## EXERCISE DATA
________________________________________
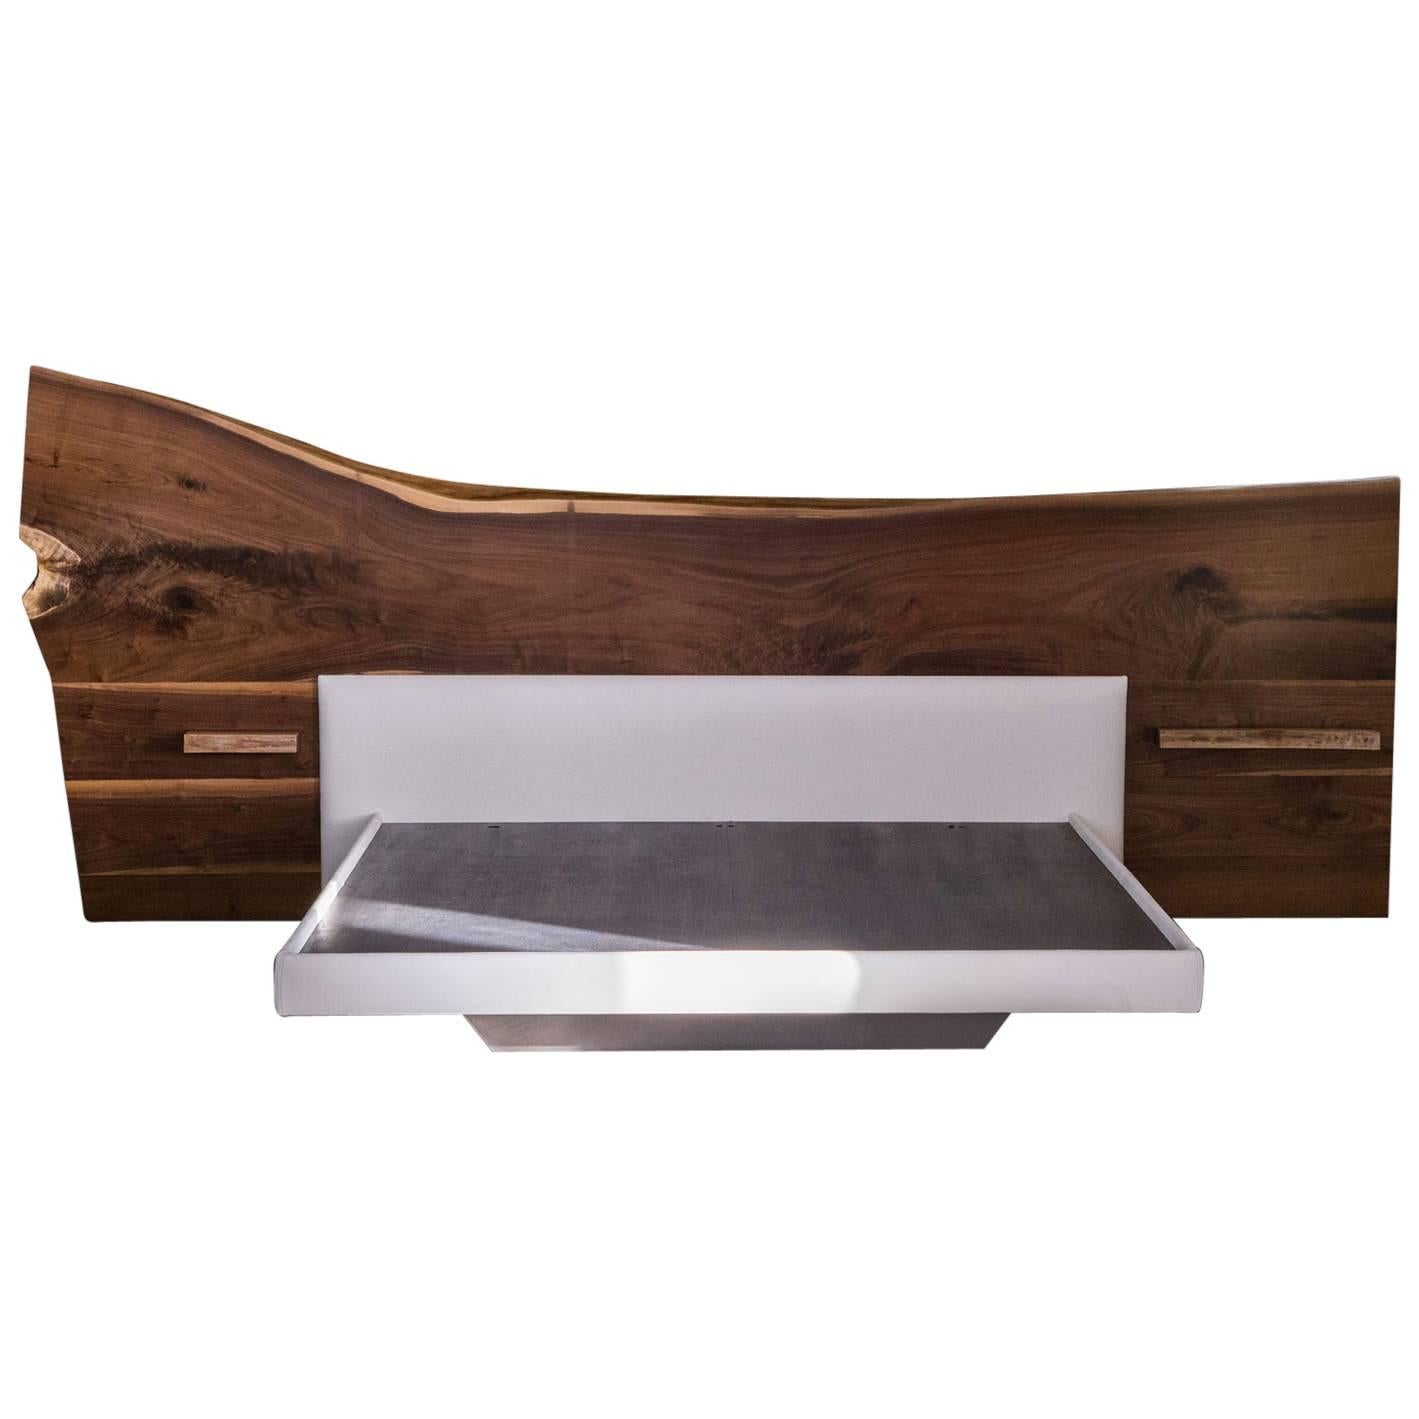 Sentient Live-Edge Bed Black American Walnut Slab Queen-Sized Leather Upholstery For Sale
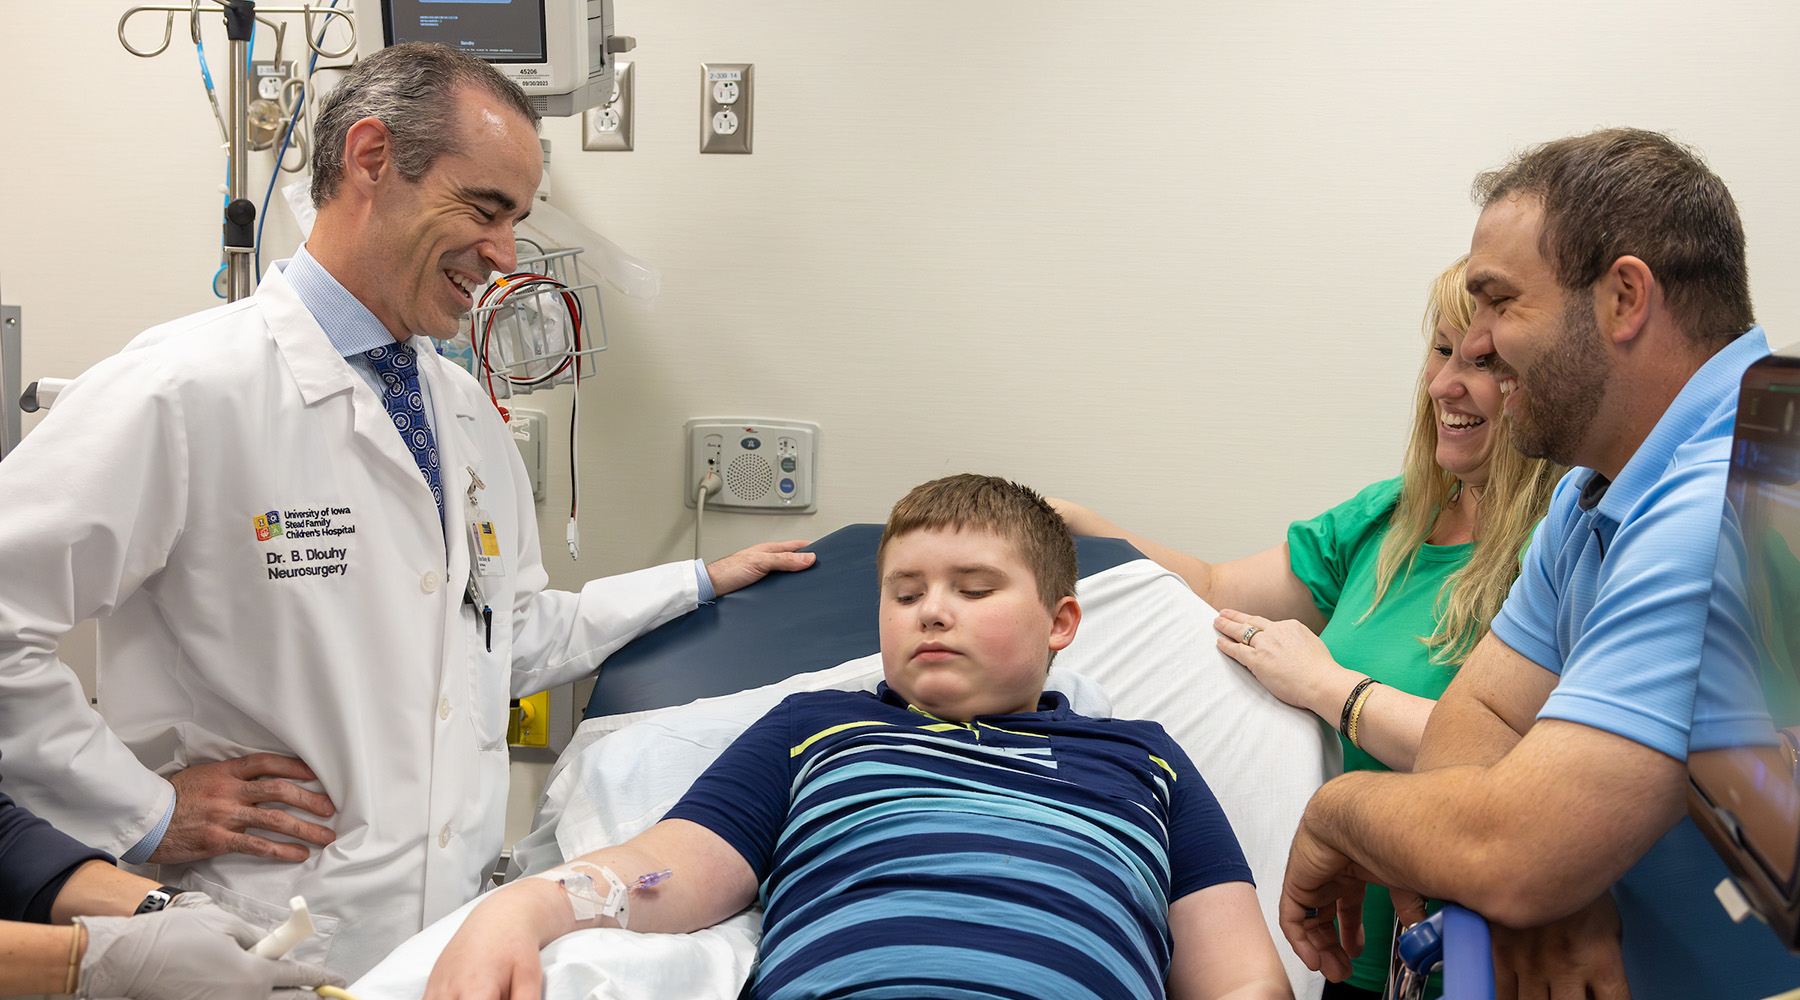 Brian Dlouhy, MD, speaks with Jana and Joe Lause during one of Liam's post-procedure visits 
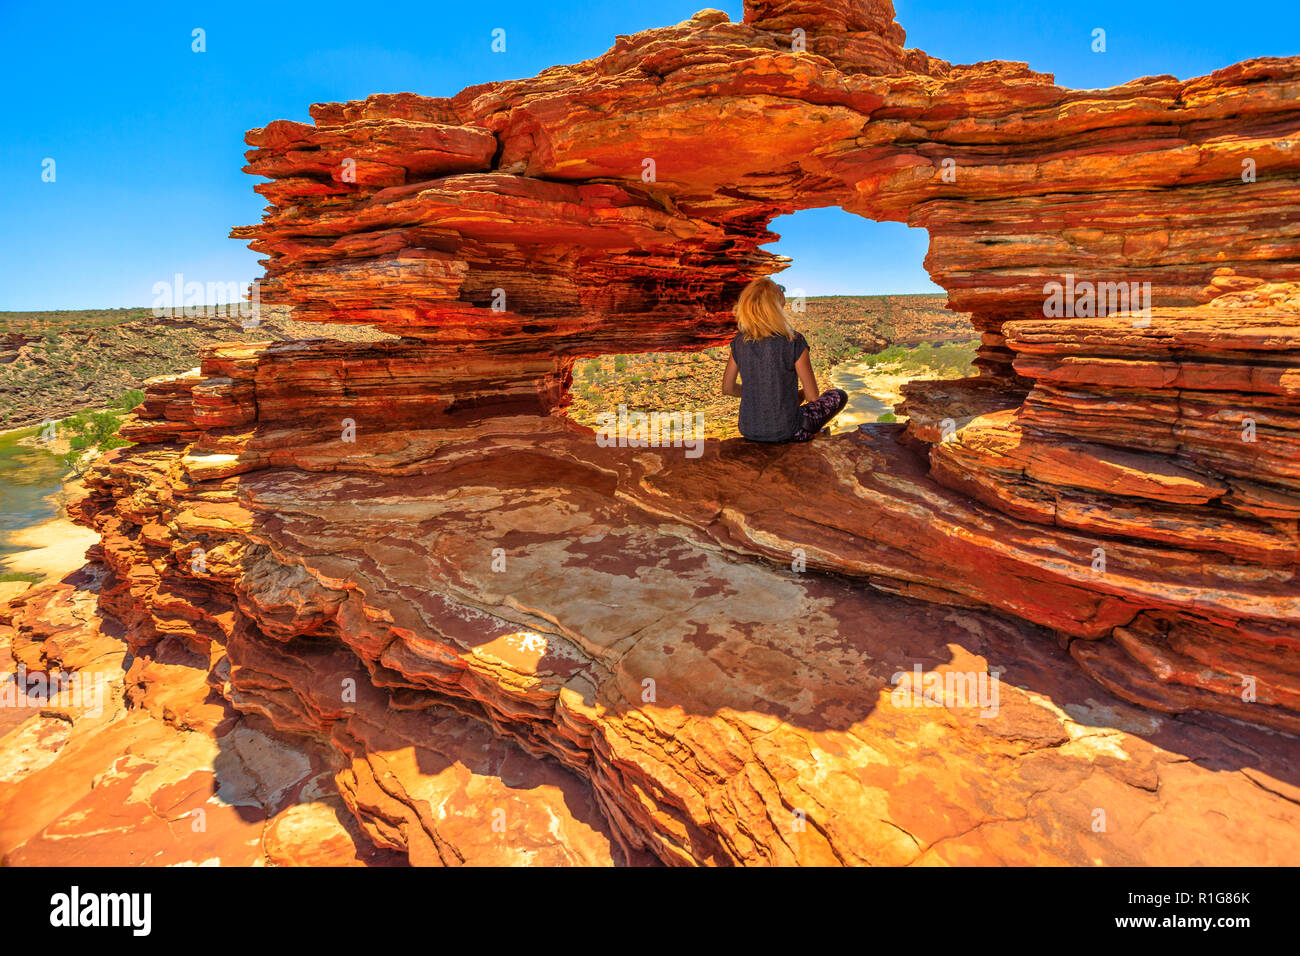 Blonde caucasian woman sitting inside the iconic rock arch in red sandstone of Nature's Window, Kalbarri National Park. Caucasian young girl in Western Australia looking australian outback landscape. Stock Photo
________________________________________
## YOUR TASK
Each line above should be output exactly, apart from the pictures.

## WRITTEN SOLUTION
 Sentient Live-Edge Bed Black American Walnut Slab Queen-Sized Leather Upholstery For Sale
 Brian Dlouhy, MD, speaks with Jana and Joe Lause during one of Liam's post-procedure visits 
 Blonde caucasian woman sitting inside the iconic rock arch in red sandstone of Nature's Window, Kalbarri National Park. Caucasian young girl in Western Australia looking australian outback landscape. Stock Photo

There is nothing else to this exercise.